Exceptions and Preemptions
The complexity of preparing to comply with multiple overlapping laws at state, national and international levels is compounded by the numerous exceptions and preemptions that may apply. This combination makes it challenging to avoid a fragmented privacy compliance program down the road.
Currently, the ADDPA would preempt various state regulations. Unlike the GDPR, which applies to EU citizens no matter where they reside, the law would only apply to U.S. residents. ADDPA exceptions include those for small businesses, first-party data, employee data, government entities and certain types of targeted advertising data. However, given the contentious nature of the push and pull between the corporate ad ecosystem and consumer advocates, the types of targeting data prohibited will likely change numerous times before the bill becomes law.
The Push for Data Privacy
With the increased focus on data privacy, corporations and lawmakers are responding to consumers’ expectations: A 2021 KPMG study revealed that 88% of Americans want corporate America to take the lead in establishing more responsible data practices. Aside from the five states that have already passed their own privacy legislation, four other states—Michigan, New Jersey, Ohio and Pennsylvania—currently have active bills in committee. Further, many other international jurisdictions have either passed data privacy laws or have proposals actively in the works.

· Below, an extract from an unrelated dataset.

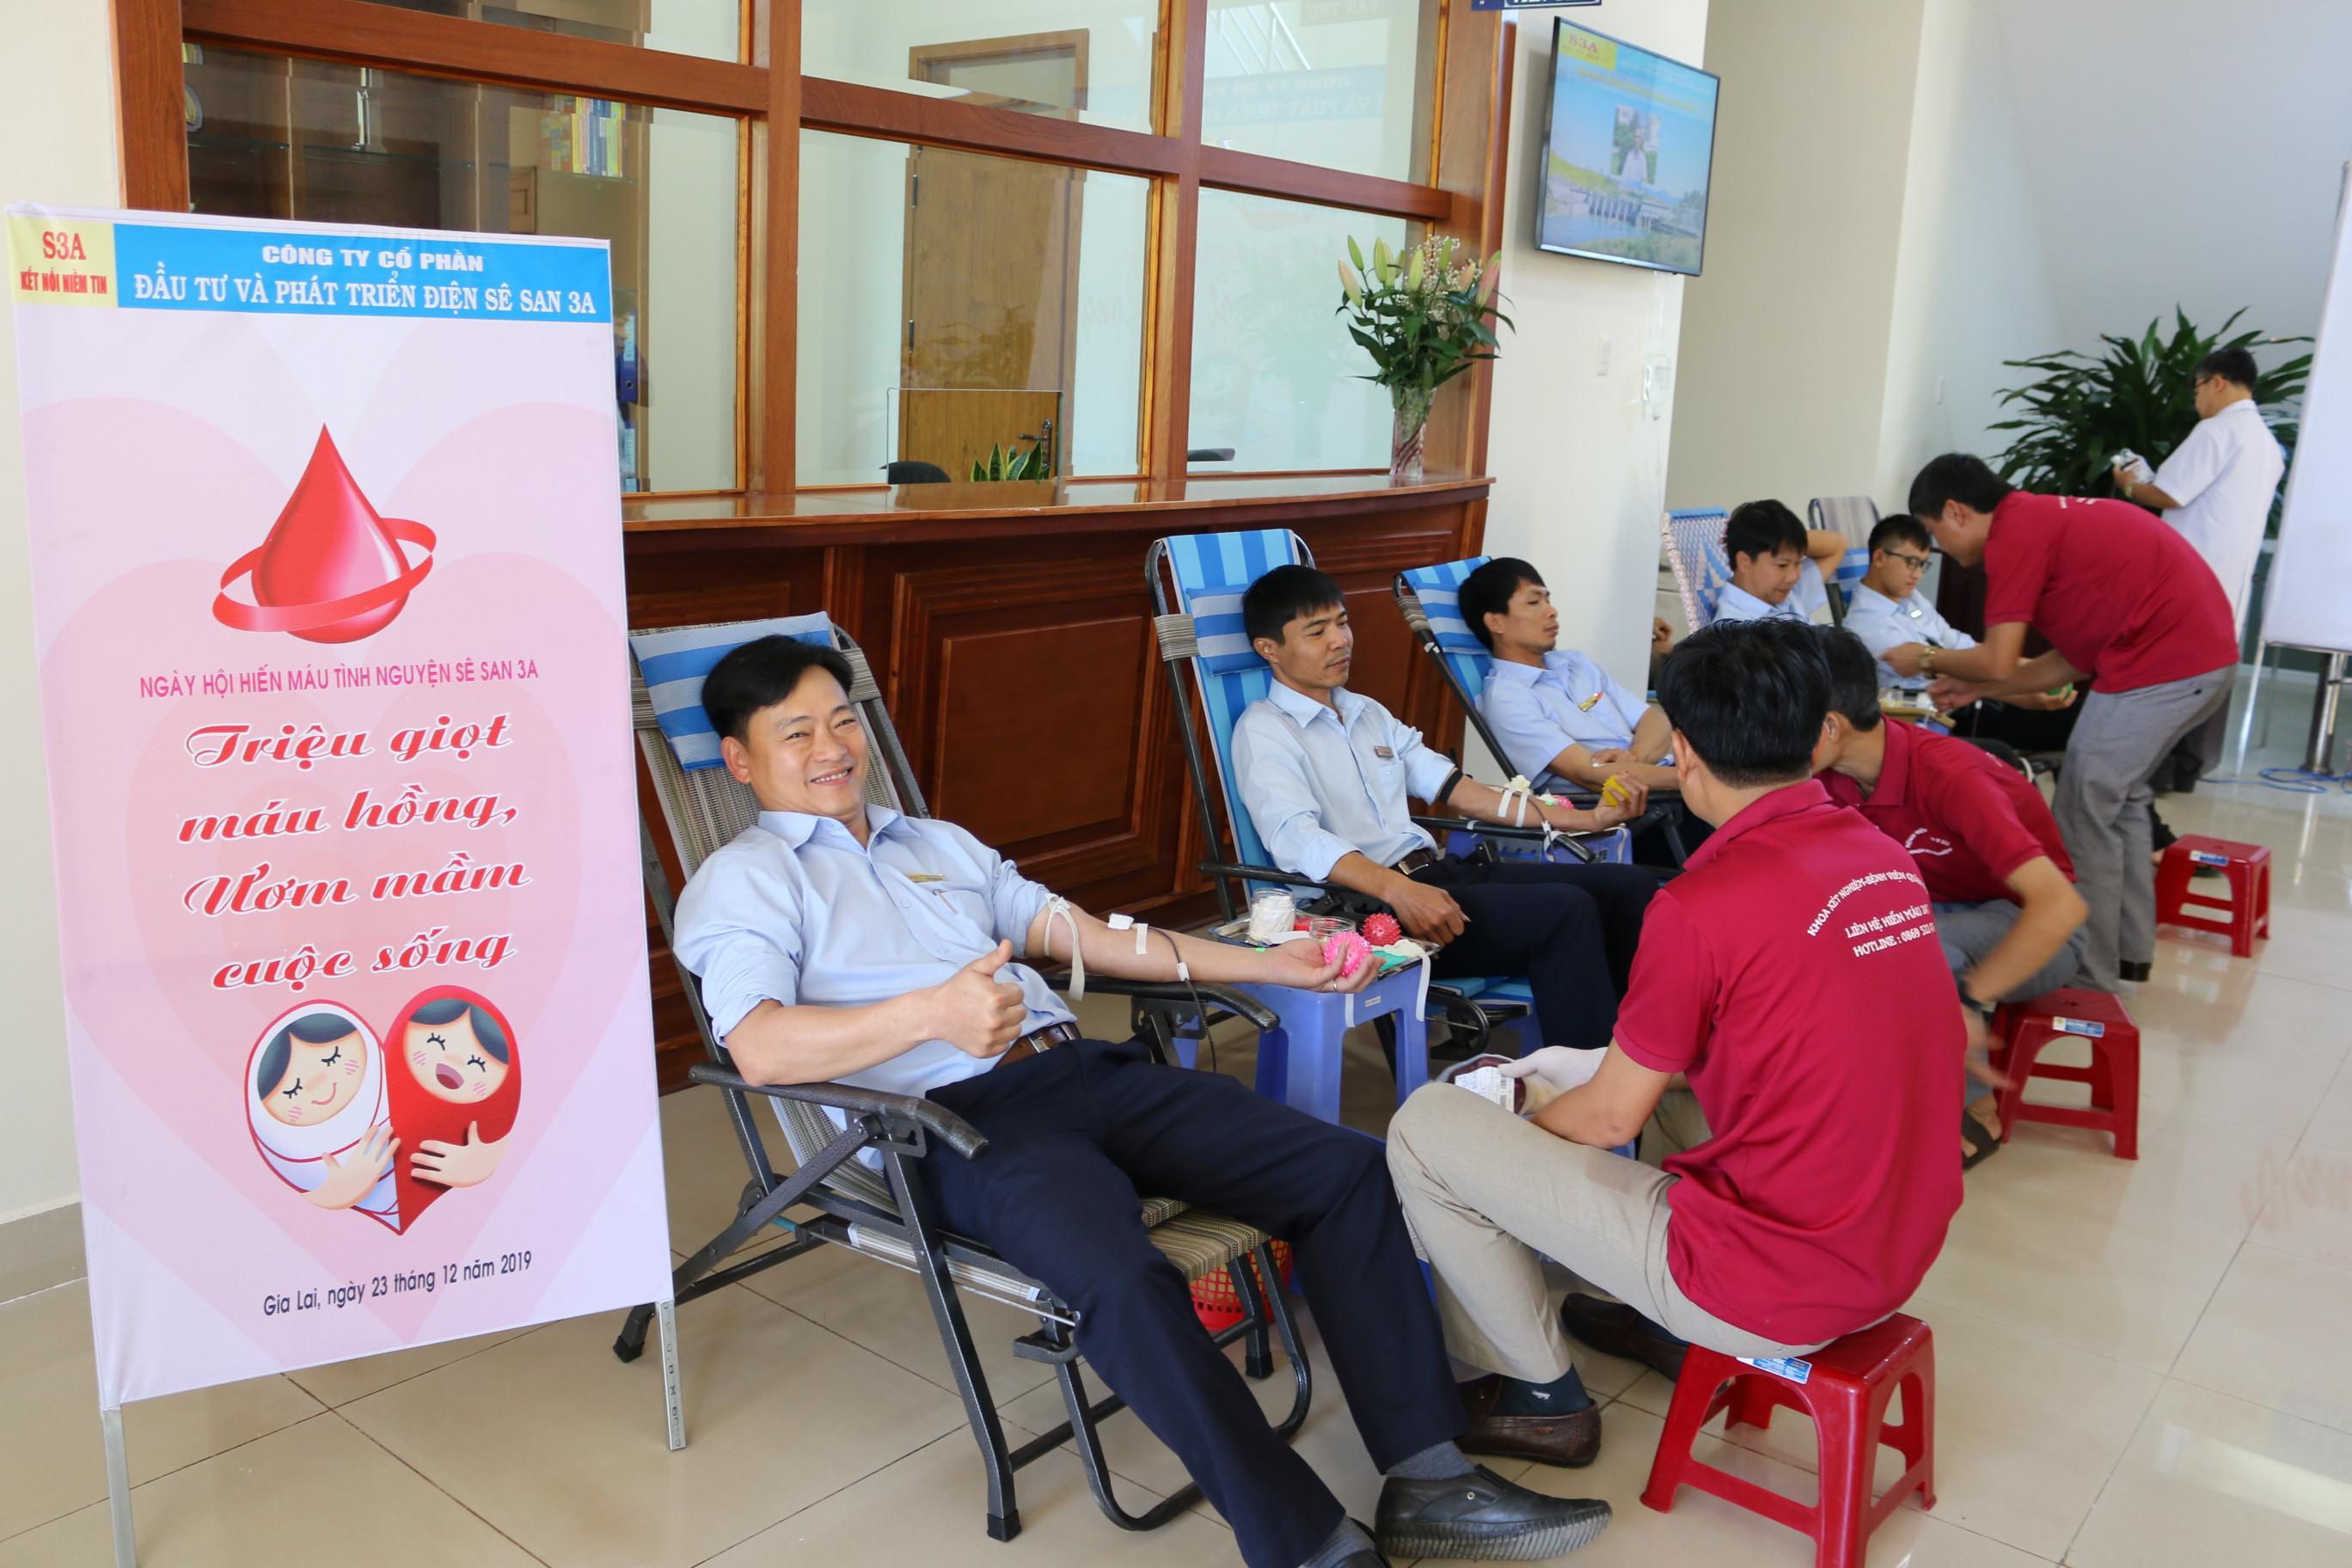 Ngày hội hiến máu tình nguyện Sê San 3A lần thứ 3 năm 2019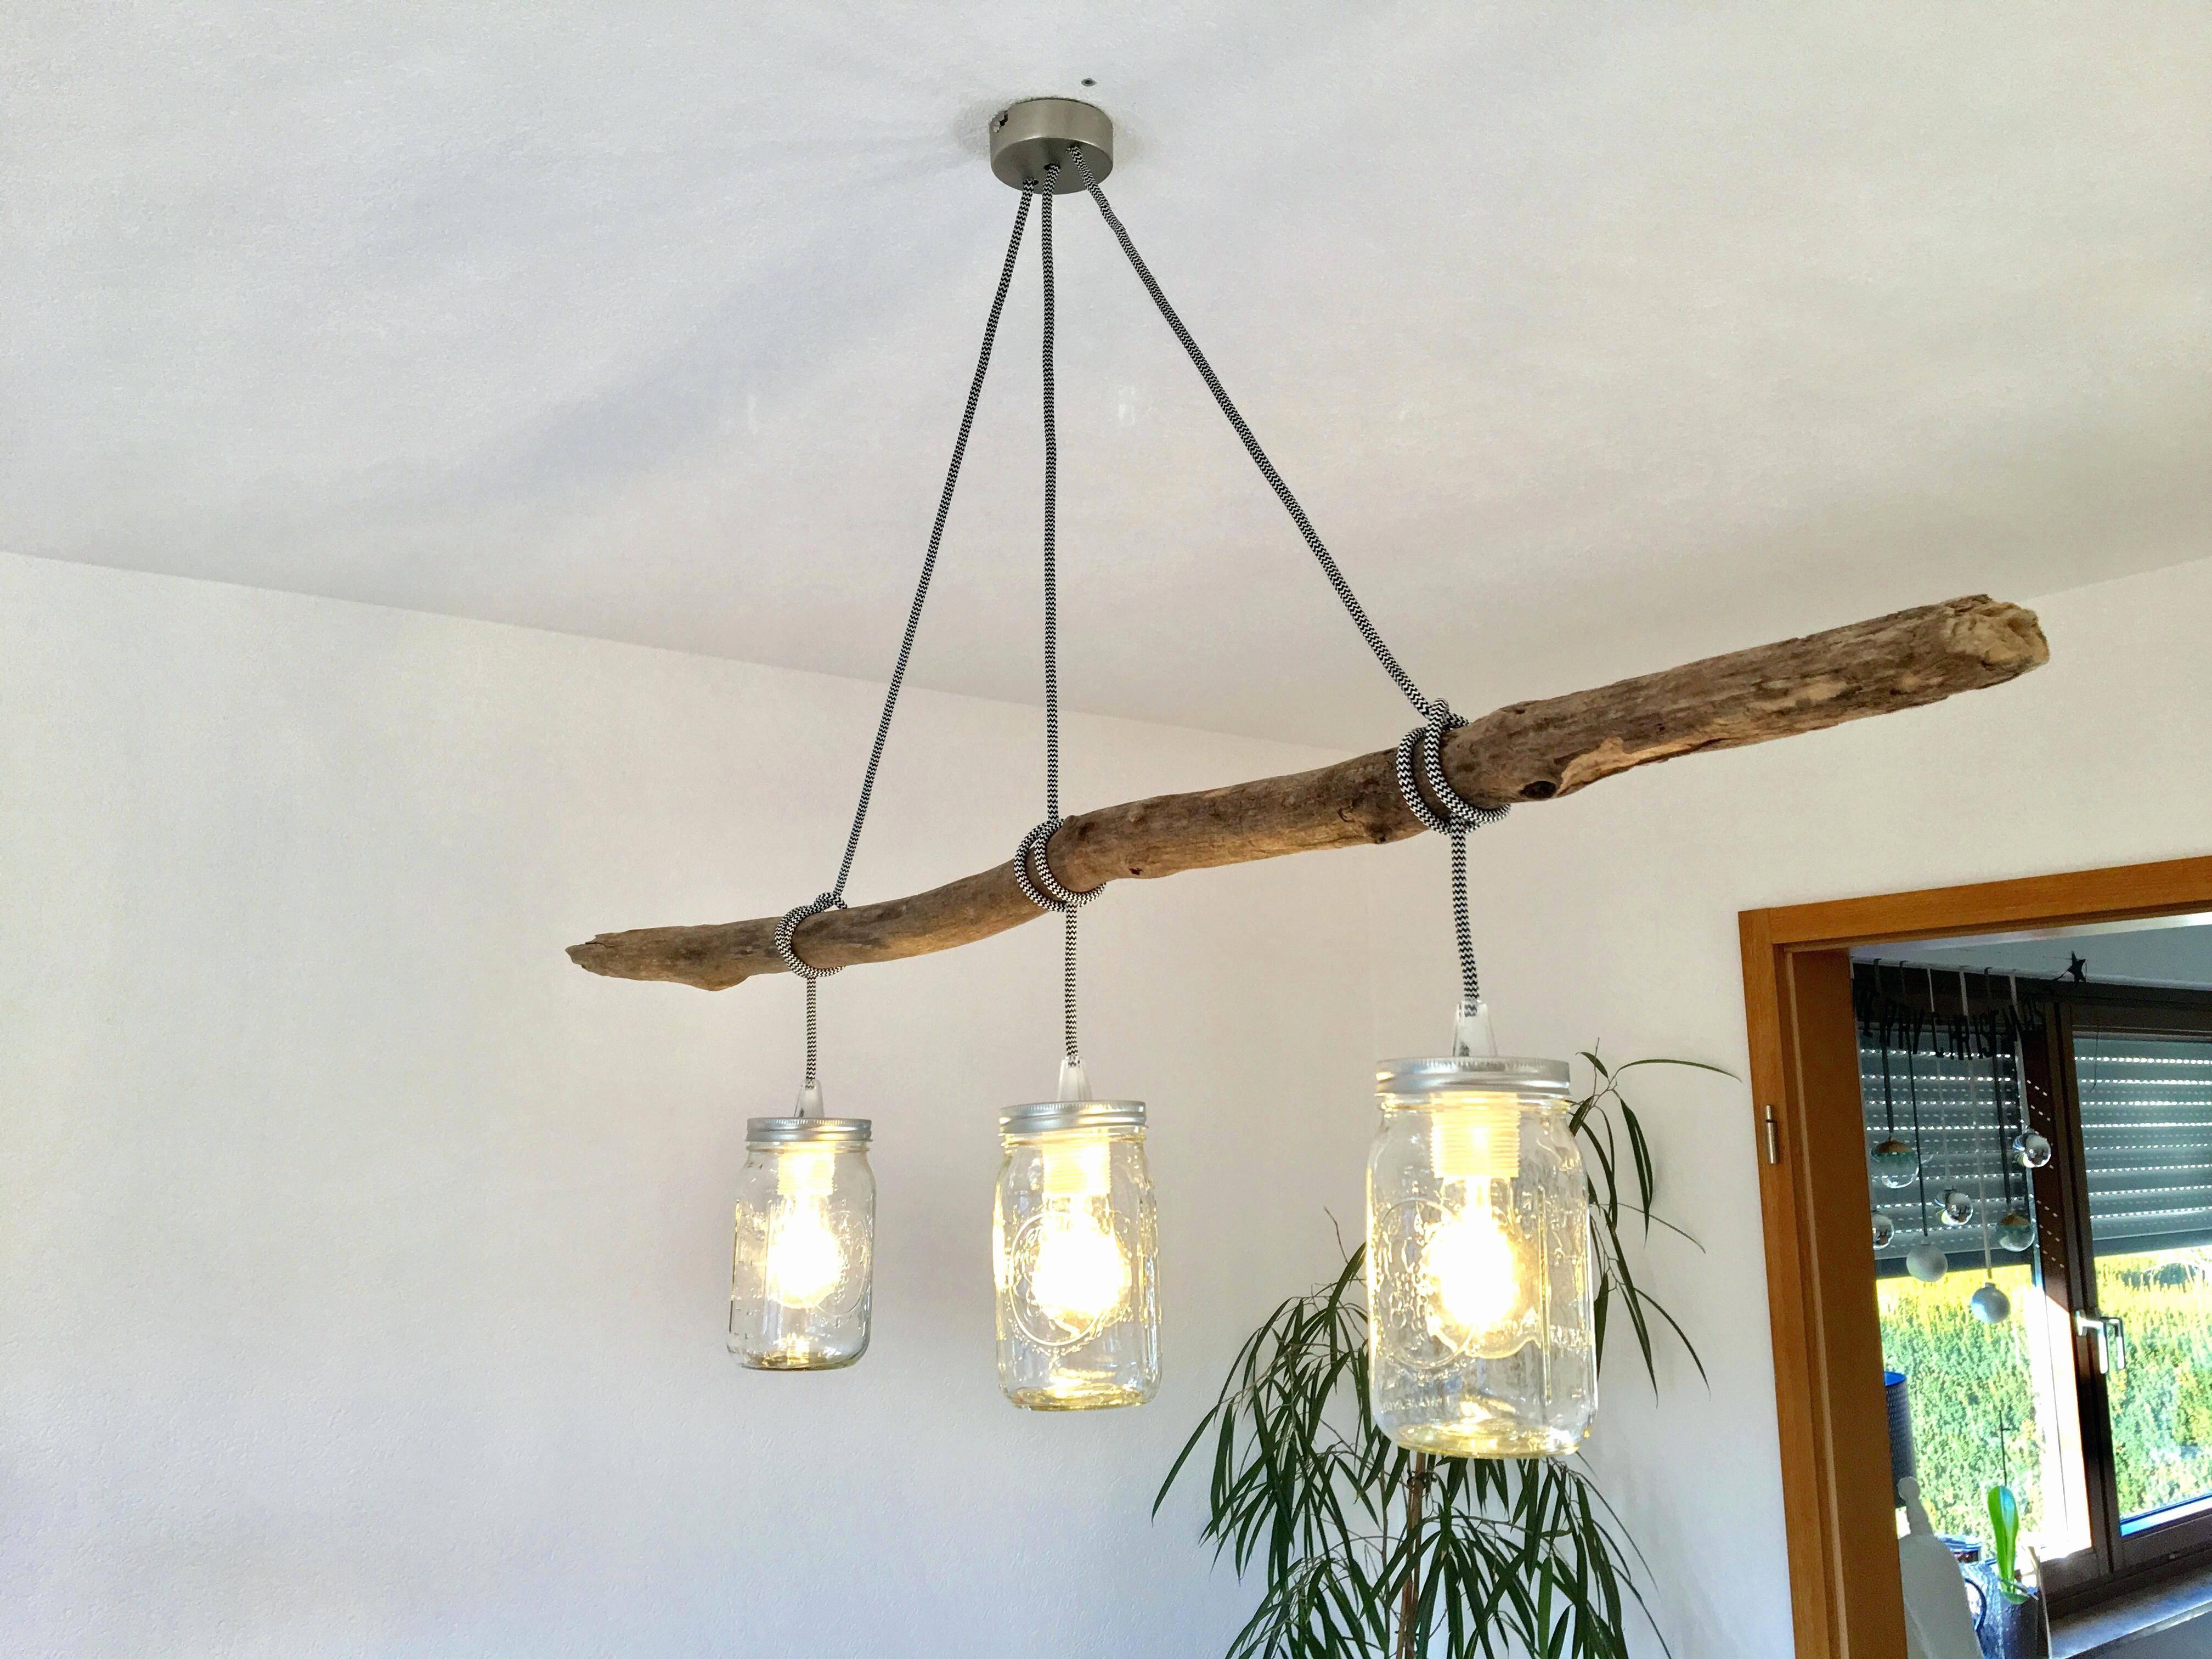 Wohnzimmer Lampe Wohnzimmerlampe Rund Wohnzimmerlampe Rund Die Kunftige Beleuchtung Der Fussgangerzone Wird In Kassel Sei Esstischlampe Lampe Lampe Holz Ast

The surprising advance of the ADPPA serves as an urgent reminder to keep a close eye on the evolving data regulation landscape. The 2021 Data Compliance Survey by Business 2 Community revealed that 62.4% of respondents said that their company is not “completely compliant” with the data regulations that apply to them, and a continual stream of data privacy-related enforcement actions would appear to confirm this.
Companies should begin putting the right people, processes and technologies in place for a sound data privacy and security compliance program. Adopting a substantive data protection policy now and keeping a close eye on the regulatory negotiations can help future-proof organizations for whatever legal requirements may emerge.